Looks like it did work
it created two new txt files
check if they have info:

FILE: estimated-parameters.txt

sample input_type sequence_type coverage genome_length uniqueness_ratio HCRM sequencing_error_rate
mp_hq histogram genome-skim 0.58 18823131 1.00 70.52 0.0126
mp_ha histogram assembly NA 21690409 0.94 73.60 NA

FILE: estimated-spectra.txt

sample r1 r2 r3 r4 r5
mp_hq 18964990 201428 23901 10067 31786
mp_ha 20427099 216746 54799 19206 32470

(RESPECT) [ant@hillary RESPECT]$ respect -d data/ -m data/name_mapping.txt -I data/hist_info.txt -N 10 --debug

Looks like British code.

Hi Antonio, Sorry I was very busy and missed this issue. It seems that only histogram inputs are processed and sequence input files are skipped from the output. The reason seems to be that jellyfish is not properly installed. You need to install jellyfish first and add its path to the system path (so you can run, e.g., jellyfish --version in the terminal without any problem). Please let me know if you encountered any problem in doing that or get other errors.

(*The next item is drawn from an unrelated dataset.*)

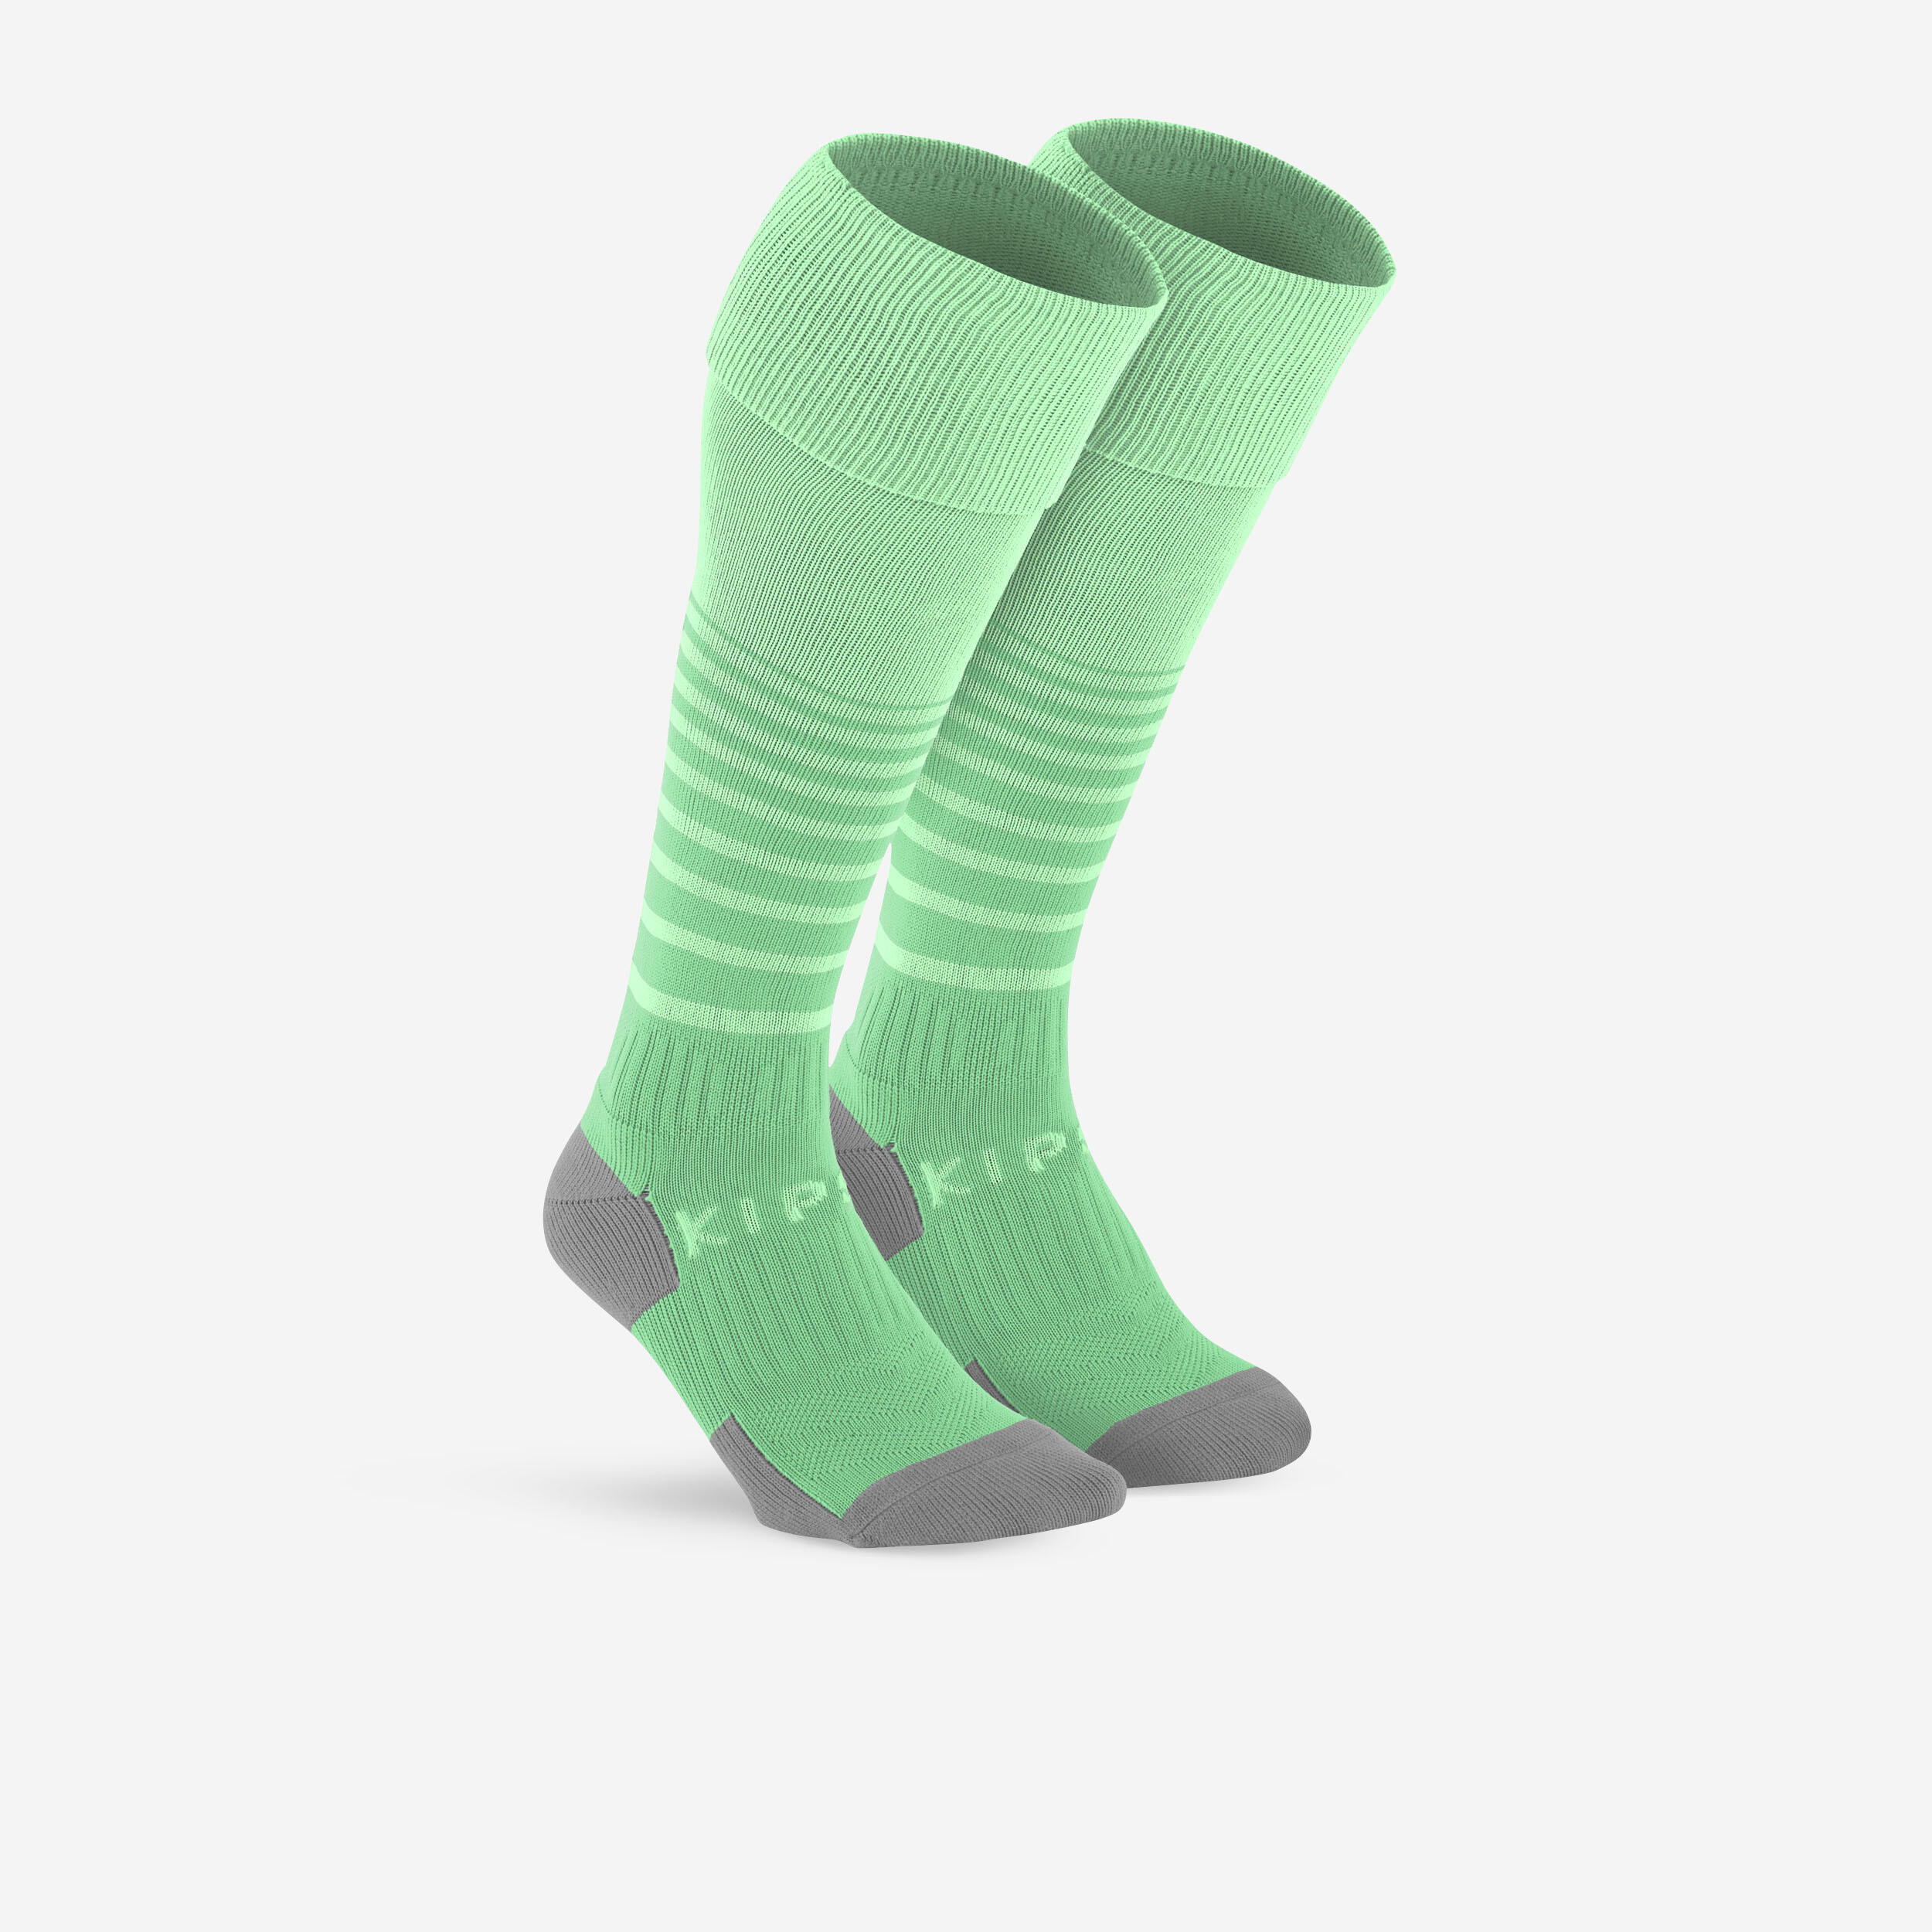 KIPSTA Kids' breathable football socks, emerald

I have also found some time and worked on conda version of it, if this didn't work for you, soon you can easily install it that way. I will let you know once it is uploaded to bioconda.

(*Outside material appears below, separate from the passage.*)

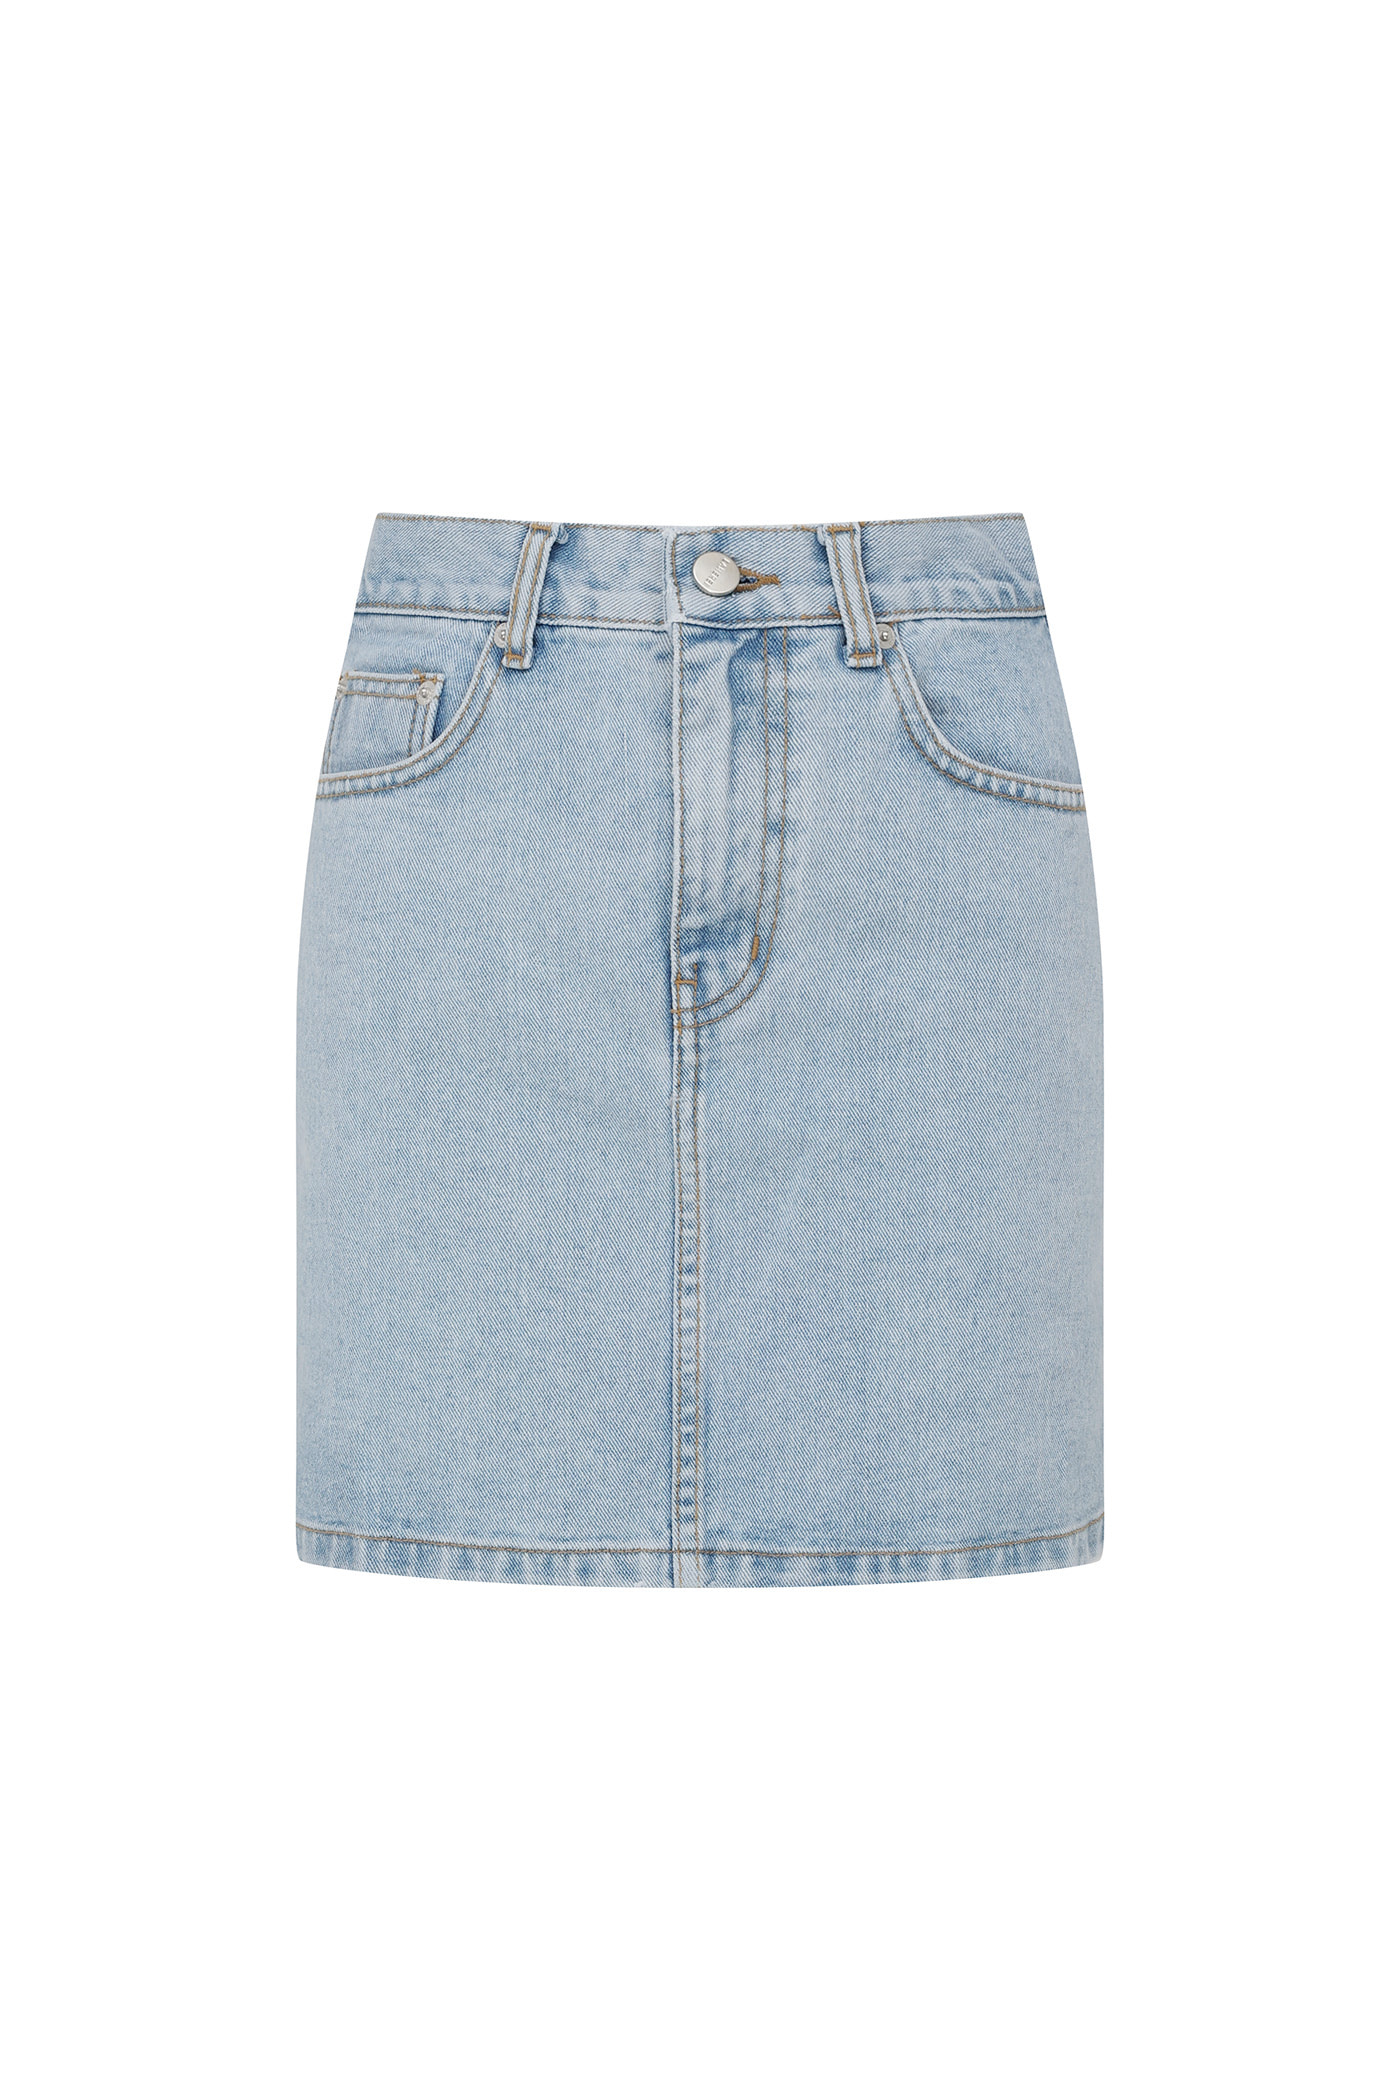 [SAMPLE]Mini Denim Skirt

I get the same warnings as @AntonioBaeza
2021-05-25 16:29:08,106 WARNING:data/hist_info.txt does not have valid extension; it's skipped
2021-05-25 16:29:08,106 WARNING:data/name_mapping.txt does not have valid extension; it's skipped

This is not an error. It just warns the user that some of the files under the input directory (provided using -d option) are not sequence files so will be skipped. You can safely ignore them.